One of New York’s most famous synagogues has been accused of “cynically and opportunistically” exploiting a wave of deadly terrorist attacks across France to raise funds for their own use.
Park East Synagogue, a Modern Orthodox establishment located on Manhattan’s Upper East Side, has been the subject of much attention in recent weeks after its senior rabbi, the 91-year-old Arthur Schneier, dismissed 34-year-old assistant rabbi Benjamin Goldschmidt amid claims of tensions between the pair.
Now, with rumours and counter-rumours about the shul’s affairs openly circulating, some congregants have also spoken out about continued anger over an “Annual Benefit Concert” held “in solidarity with the French Jewish community” in 2016.
With its photograph of Paris and the Eiffel Tower, along with two cantors leading prayers, the advert for Park East’s 12th annual concert appeared to indicate the event would benefit French Jewry at a time when they were reeling from the devastating terror attacks such as the one on a kosher supermarket that left four dead.
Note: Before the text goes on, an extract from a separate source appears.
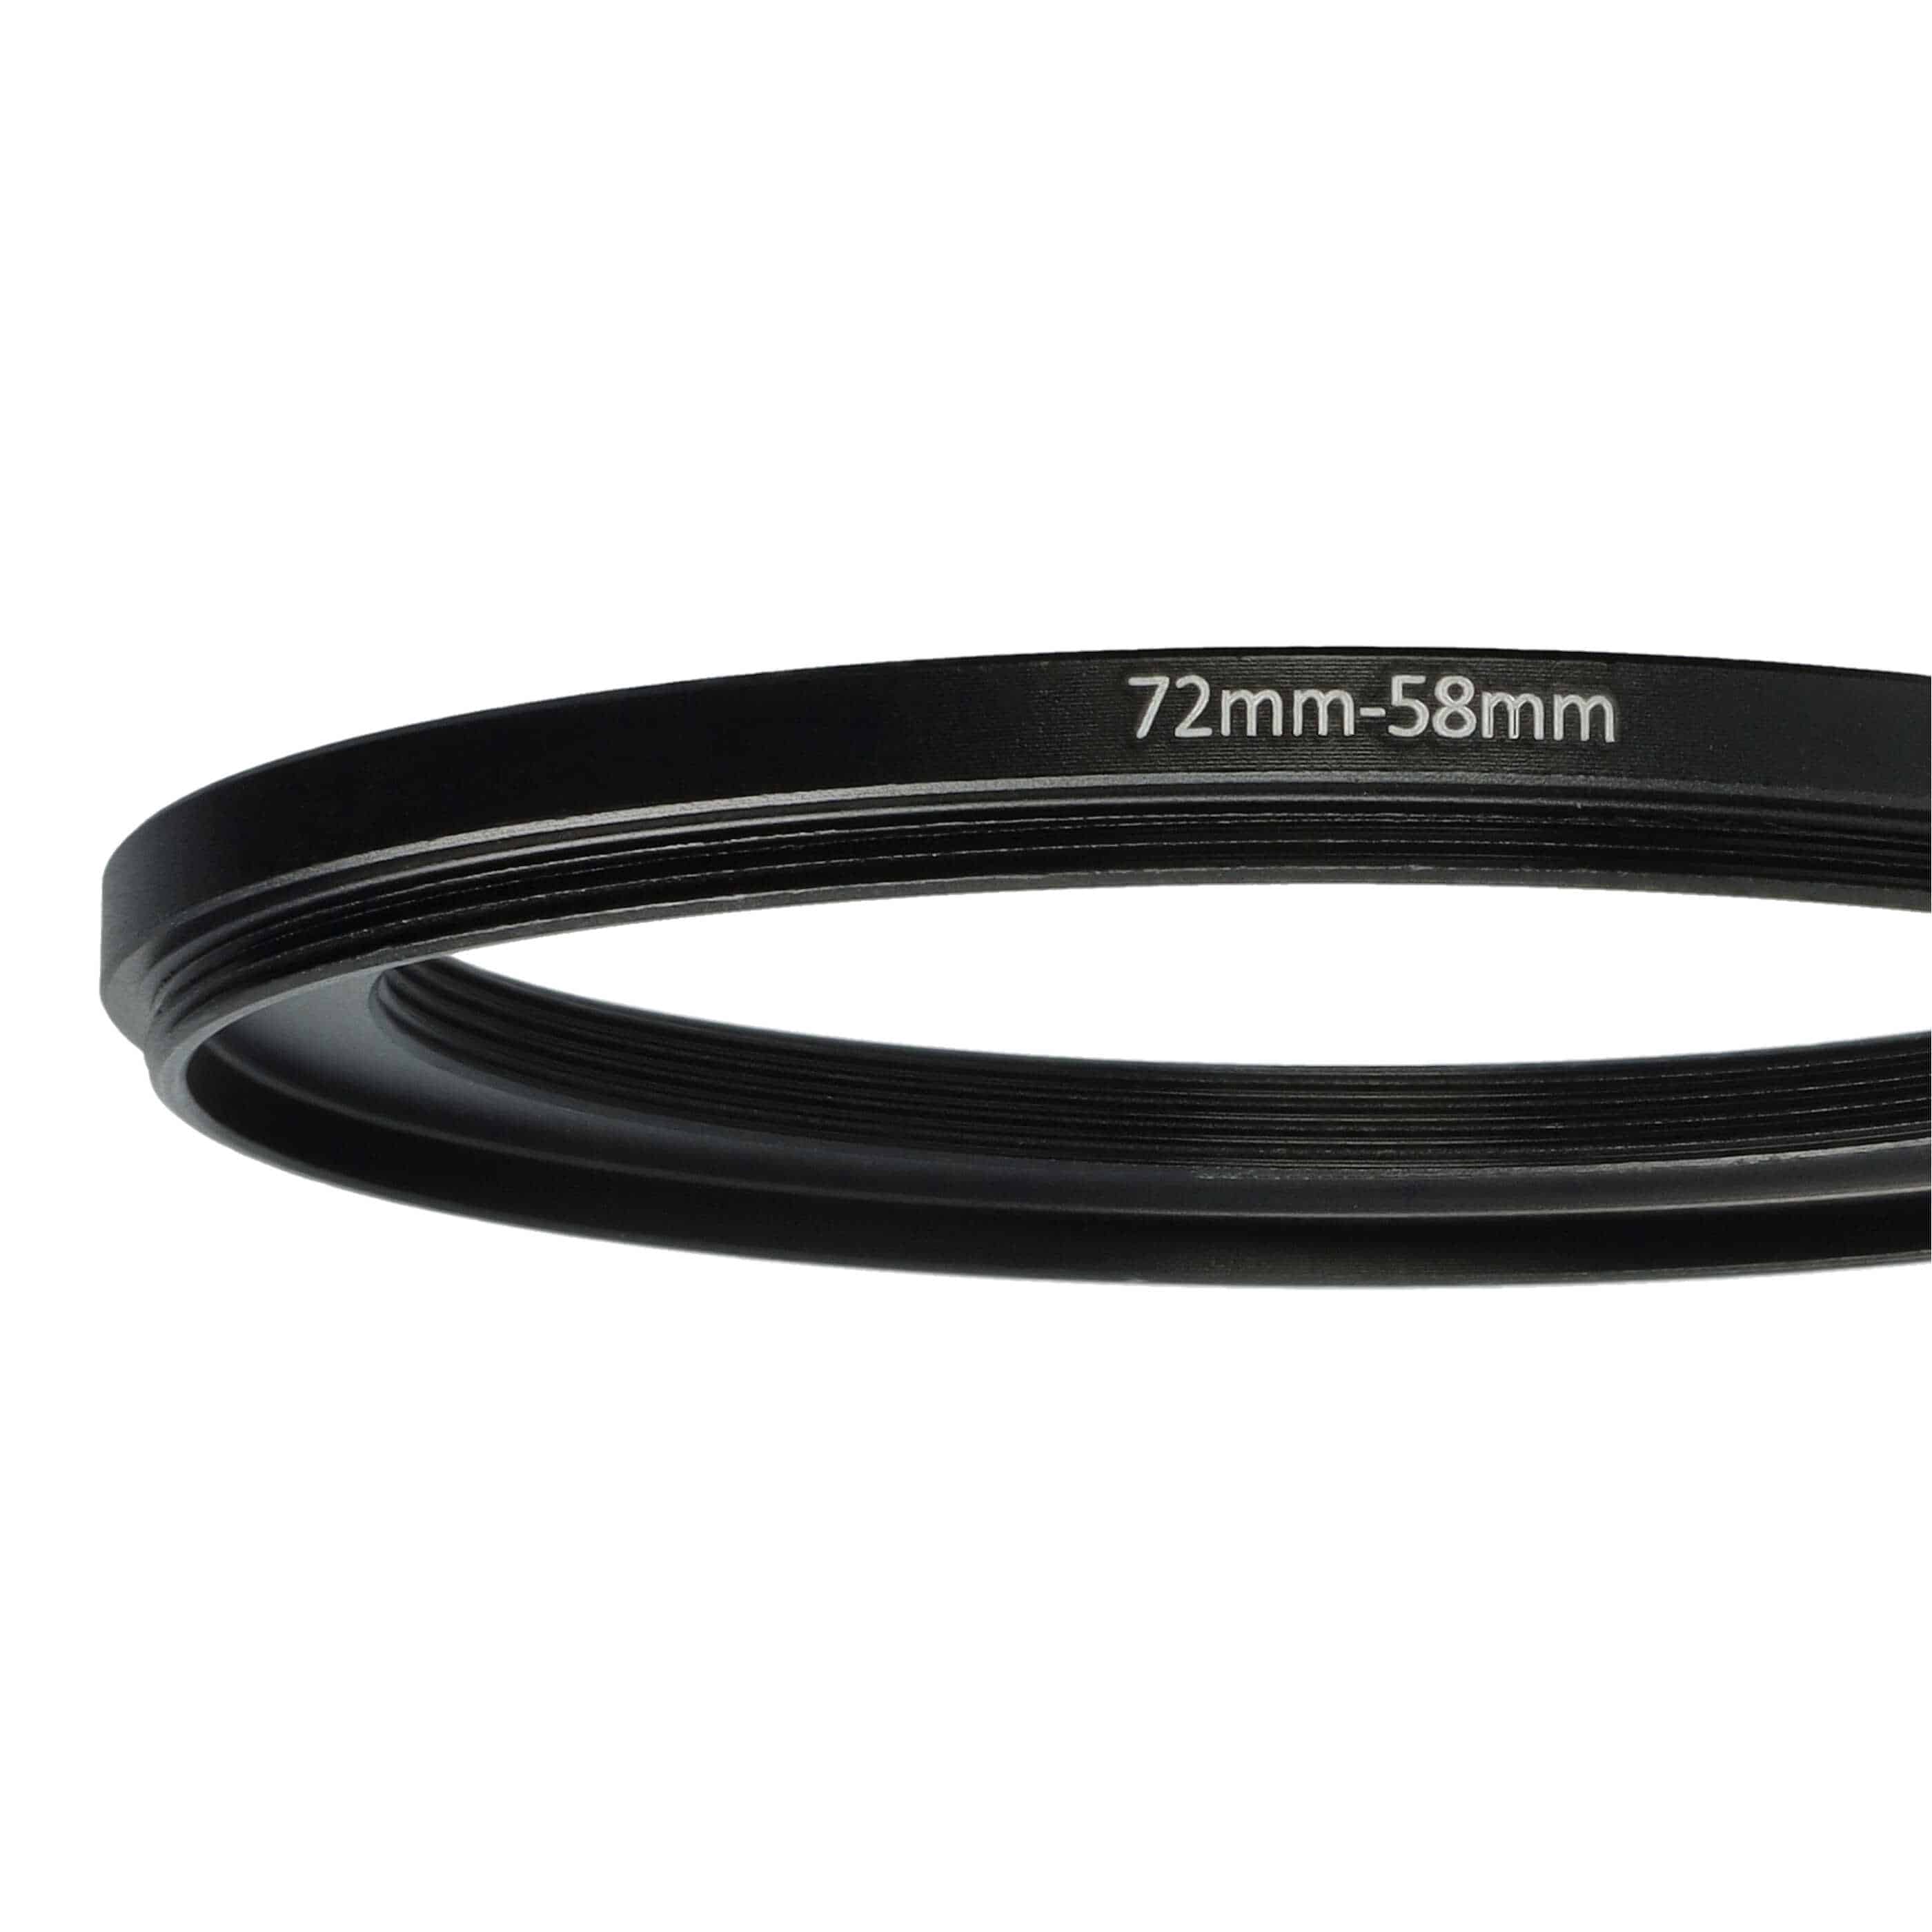 Step-Down Ring Adapter from 72 mm to 58 mm for various Camera Lenses

Jewish News understands the event raised well over £110,000 with tickets costing up to £50 each. But a spokesperson for Park East Synagogue has now confirmed that rather than raising funds to help the French Jewish community, the money from ticket sales “went on to support the continued growth of our synagogue cantorial programme”.
The synagogue statement said the Jewish community in France during the time of the concert had “suffered through a horrible antisemitic terrorist attack which sent shockwaves throughout the world”.
But Jewish News has spoken with members of the Park East who alleged the synagogue’s leadership “cynically” and “opportunistically” used events in France to maximise fundraising. One individual revealed he invited two French-speaking friends along to the event, making them pay for their tickets, on the impression the money would be donated to a charity
“After they had purchased their tickets I thought I would contact Park East to ask where the money was going to in France, so I could relay the news to friends,” said one former shul member.
“When I asked this person, who had a senior position at the shul at the time, he was honest with me. He admitted it was not going to any organisation in France but to Park East.”
Another synagogue-goer told Jewish News: “The event was in very poor taste and made me feel very embarrassed.”
Jewish News attempted to speak with Schneier to to get his personal account of the synagogue’s activities three times over a two week period but he did not respond to our requests.
The synagogue said: “When we put on our annual concert in solidarity with a certain party, we do not do so to raise funds for that party unless specifically notated in the invitation for
“We secured the guest performance of a world-renowned French cantor to show the French community that we stand by them, so they knew they did not have to suffer through this tragedy alone.
“We did so in order to show the world that we are united, as Jews, even across an entire ocean. We have done events in the past with Israel, France and memorial events remembering the Holocaust and Kristallnacht.
“Every year we choose a different theme to pay tribute to in either solidarity, in memorial, or in celebration. Funds raised from this specific event went to support the growth of our cantorial programme.”